**Goal of the exercise**
Only certain lines below are wanted: those starting at the line containing "NOVEMBER-PARENT-INFO-SESSION-LEARNING.jpg" and ending at the line containing "オーケストラ調、クリアジングルの未再生の波形", both included, each retyped exactly.

[Items from a data source]
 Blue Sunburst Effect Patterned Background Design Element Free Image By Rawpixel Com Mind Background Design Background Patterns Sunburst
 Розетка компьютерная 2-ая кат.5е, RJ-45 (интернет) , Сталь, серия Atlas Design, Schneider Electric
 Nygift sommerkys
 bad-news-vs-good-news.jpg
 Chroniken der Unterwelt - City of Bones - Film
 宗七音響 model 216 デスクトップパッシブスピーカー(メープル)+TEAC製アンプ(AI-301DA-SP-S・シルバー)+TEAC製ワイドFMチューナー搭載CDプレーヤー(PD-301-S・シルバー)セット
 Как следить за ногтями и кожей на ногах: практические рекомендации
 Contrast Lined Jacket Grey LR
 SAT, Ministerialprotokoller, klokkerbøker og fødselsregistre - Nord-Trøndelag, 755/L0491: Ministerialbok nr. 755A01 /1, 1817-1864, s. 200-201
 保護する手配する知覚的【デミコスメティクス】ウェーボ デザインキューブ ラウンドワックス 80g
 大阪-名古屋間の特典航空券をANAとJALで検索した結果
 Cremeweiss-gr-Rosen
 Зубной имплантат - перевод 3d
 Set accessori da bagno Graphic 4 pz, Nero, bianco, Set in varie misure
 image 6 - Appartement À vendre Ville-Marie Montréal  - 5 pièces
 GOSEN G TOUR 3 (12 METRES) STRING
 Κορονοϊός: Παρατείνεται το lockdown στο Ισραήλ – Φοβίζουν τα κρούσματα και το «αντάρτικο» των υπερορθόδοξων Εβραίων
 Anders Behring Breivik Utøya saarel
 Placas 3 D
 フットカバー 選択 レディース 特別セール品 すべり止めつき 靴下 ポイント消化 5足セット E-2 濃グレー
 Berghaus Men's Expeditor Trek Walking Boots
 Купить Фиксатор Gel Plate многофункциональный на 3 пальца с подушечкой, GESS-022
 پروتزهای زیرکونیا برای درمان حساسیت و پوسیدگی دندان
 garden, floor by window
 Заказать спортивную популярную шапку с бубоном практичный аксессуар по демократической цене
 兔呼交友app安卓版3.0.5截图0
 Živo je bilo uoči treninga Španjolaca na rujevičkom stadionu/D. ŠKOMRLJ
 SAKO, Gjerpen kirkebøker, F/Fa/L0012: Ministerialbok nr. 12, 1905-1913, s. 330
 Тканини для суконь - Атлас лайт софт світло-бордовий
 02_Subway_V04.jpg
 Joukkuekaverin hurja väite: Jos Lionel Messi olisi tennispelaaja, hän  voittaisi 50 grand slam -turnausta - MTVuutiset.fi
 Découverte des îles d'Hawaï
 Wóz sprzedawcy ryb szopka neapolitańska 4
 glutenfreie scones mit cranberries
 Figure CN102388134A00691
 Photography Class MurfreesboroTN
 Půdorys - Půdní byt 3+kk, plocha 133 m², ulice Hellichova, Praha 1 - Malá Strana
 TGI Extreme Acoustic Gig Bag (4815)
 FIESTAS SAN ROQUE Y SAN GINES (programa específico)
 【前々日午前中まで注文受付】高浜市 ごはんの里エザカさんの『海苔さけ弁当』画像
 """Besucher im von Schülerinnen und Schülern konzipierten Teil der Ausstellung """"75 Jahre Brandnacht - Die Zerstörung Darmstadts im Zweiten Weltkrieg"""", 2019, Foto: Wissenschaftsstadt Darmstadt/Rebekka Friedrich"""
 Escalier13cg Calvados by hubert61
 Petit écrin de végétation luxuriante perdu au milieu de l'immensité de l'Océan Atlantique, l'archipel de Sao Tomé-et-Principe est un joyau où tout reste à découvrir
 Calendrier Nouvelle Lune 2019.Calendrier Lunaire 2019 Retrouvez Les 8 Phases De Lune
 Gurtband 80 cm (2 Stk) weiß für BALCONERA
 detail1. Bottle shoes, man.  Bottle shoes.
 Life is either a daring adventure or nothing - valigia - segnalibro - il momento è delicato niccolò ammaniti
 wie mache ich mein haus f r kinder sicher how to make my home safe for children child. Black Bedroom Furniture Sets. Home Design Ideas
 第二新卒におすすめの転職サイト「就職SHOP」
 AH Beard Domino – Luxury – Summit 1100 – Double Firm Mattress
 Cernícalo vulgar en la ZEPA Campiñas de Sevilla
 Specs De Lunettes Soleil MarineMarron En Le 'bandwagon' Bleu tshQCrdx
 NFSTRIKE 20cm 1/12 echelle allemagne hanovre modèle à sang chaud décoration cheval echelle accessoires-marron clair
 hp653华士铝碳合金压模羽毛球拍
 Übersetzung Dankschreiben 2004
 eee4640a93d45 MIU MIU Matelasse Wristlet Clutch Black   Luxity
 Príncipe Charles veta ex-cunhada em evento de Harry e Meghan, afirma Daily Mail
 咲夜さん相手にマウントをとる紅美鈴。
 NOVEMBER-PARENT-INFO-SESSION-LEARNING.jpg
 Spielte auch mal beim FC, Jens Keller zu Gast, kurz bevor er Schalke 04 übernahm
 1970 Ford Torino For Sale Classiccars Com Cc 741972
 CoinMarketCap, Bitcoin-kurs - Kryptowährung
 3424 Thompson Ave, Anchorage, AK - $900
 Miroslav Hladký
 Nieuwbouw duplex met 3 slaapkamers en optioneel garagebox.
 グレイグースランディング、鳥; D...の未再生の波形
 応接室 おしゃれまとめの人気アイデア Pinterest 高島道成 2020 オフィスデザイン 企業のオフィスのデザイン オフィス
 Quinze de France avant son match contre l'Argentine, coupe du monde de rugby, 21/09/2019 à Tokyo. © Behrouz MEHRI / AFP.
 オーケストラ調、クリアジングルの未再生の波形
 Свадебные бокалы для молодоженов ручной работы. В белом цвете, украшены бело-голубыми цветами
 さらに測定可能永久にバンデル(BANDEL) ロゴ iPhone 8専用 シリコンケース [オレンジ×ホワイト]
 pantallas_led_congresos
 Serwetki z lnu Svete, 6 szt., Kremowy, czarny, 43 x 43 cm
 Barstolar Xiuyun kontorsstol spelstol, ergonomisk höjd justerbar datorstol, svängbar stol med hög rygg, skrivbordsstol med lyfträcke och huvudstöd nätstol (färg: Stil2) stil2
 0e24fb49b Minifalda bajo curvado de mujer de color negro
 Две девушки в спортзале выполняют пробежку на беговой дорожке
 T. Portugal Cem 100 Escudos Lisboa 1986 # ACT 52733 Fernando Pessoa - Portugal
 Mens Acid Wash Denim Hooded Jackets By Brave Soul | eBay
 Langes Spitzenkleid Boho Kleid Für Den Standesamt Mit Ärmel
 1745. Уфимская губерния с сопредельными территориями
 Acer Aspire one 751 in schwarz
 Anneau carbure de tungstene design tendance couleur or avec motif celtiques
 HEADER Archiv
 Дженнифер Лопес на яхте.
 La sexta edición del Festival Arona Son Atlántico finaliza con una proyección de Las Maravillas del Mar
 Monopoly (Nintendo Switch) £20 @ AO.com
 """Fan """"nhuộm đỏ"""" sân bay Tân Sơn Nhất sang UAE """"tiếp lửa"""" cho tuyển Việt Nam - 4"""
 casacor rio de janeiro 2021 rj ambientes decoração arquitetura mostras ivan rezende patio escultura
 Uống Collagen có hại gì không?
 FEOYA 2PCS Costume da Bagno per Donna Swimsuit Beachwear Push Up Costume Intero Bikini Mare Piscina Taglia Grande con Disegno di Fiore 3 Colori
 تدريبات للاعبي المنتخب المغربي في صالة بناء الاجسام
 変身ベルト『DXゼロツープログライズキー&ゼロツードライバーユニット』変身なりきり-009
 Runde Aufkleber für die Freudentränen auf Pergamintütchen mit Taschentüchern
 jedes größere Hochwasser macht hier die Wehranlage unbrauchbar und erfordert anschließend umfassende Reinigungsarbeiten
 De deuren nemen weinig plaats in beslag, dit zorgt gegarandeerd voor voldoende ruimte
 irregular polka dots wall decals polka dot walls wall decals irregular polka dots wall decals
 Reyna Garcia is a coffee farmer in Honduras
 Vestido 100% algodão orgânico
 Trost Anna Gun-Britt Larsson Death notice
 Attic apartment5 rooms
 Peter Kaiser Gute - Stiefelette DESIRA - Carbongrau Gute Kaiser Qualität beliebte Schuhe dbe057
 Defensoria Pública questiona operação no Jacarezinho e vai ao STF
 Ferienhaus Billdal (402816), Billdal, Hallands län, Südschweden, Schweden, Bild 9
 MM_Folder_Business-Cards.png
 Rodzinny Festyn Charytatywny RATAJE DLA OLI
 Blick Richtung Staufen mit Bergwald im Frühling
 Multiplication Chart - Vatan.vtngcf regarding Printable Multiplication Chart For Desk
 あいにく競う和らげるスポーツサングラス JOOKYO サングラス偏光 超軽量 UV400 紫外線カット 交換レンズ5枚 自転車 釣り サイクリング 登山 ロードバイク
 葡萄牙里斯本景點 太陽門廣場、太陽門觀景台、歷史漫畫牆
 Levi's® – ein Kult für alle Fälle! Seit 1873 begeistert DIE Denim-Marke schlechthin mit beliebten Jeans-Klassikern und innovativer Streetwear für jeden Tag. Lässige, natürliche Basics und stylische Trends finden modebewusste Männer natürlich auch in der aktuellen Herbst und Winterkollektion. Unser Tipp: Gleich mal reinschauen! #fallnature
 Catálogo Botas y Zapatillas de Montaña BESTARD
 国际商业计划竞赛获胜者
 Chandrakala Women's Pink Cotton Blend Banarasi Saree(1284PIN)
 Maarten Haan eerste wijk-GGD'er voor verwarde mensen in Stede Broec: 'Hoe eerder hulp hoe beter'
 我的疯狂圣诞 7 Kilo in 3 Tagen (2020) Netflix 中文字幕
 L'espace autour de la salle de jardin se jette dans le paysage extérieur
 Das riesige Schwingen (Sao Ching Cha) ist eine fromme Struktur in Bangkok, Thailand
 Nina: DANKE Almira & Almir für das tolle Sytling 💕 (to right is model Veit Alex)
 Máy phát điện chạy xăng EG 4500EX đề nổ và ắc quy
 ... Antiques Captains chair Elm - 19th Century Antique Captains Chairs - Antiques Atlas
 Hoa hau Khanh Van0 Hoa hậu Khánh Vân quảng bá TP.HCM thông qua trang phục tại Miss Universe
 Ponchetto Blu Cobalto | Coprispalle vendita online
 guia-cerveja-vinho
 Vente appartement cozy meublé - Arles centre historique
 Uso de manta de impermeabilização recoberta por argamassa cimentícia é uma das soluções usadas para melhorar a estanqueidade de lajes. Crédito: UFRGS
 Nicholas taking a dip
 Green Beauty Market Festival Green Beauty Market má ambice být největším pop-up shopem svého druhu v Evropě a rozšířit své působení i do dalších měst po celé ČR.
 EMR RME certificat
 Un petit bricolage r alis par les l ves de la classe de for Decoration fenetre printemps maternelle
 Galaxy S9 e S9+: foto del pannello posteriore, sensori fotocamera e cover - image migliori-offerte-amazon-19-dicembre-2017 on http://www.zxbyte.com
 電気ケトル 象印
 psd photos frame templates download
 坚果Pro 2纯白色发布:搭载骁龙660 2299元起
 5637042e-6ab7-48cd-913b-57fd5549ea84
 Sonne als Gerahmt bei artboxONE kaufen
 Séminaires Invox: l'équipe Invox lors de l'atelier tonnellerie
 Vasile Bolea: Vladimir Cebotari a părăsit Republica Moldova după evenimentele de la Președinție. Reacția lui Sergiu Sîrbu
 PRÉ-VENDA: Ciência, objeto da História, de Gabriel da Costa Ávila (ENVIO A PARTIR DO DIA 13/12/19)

**Your solution**
 NOVEMBER-PARENT-INFO-SESSION-LEARNING.jpg
 Spielte auch mal beim FC, Jens Keller zu Gast, kurz bevor er Schalke 04 übernahm
 1970 Ford Torino For Sale Classiccars Com Cc 741972
 CoinMarketCap, Bitcoin-kurs - Kryptowährung
 3424 Thompson Ave, Anchorage, AK - $900
 Miroslav Hladký
 Nieuwbouw duplex met 3 slaapkamers en optioneel garagebox.
 グレイグースランディング、鳥; D...の未再生の波形
 応接室 おしゃれまとめの人気アイデア Pinterest 高島道成 2020 オフィスデザイン 企業のオフィスのデザイン オフィス
 Quinze de France avant son match contre l'Argentine, coupe du monde de rugby, 21/09/2019 à Tokyo. © Behrouz MEHRI / AFP.
 オーケストラ調、クリアジングルの未再生の波形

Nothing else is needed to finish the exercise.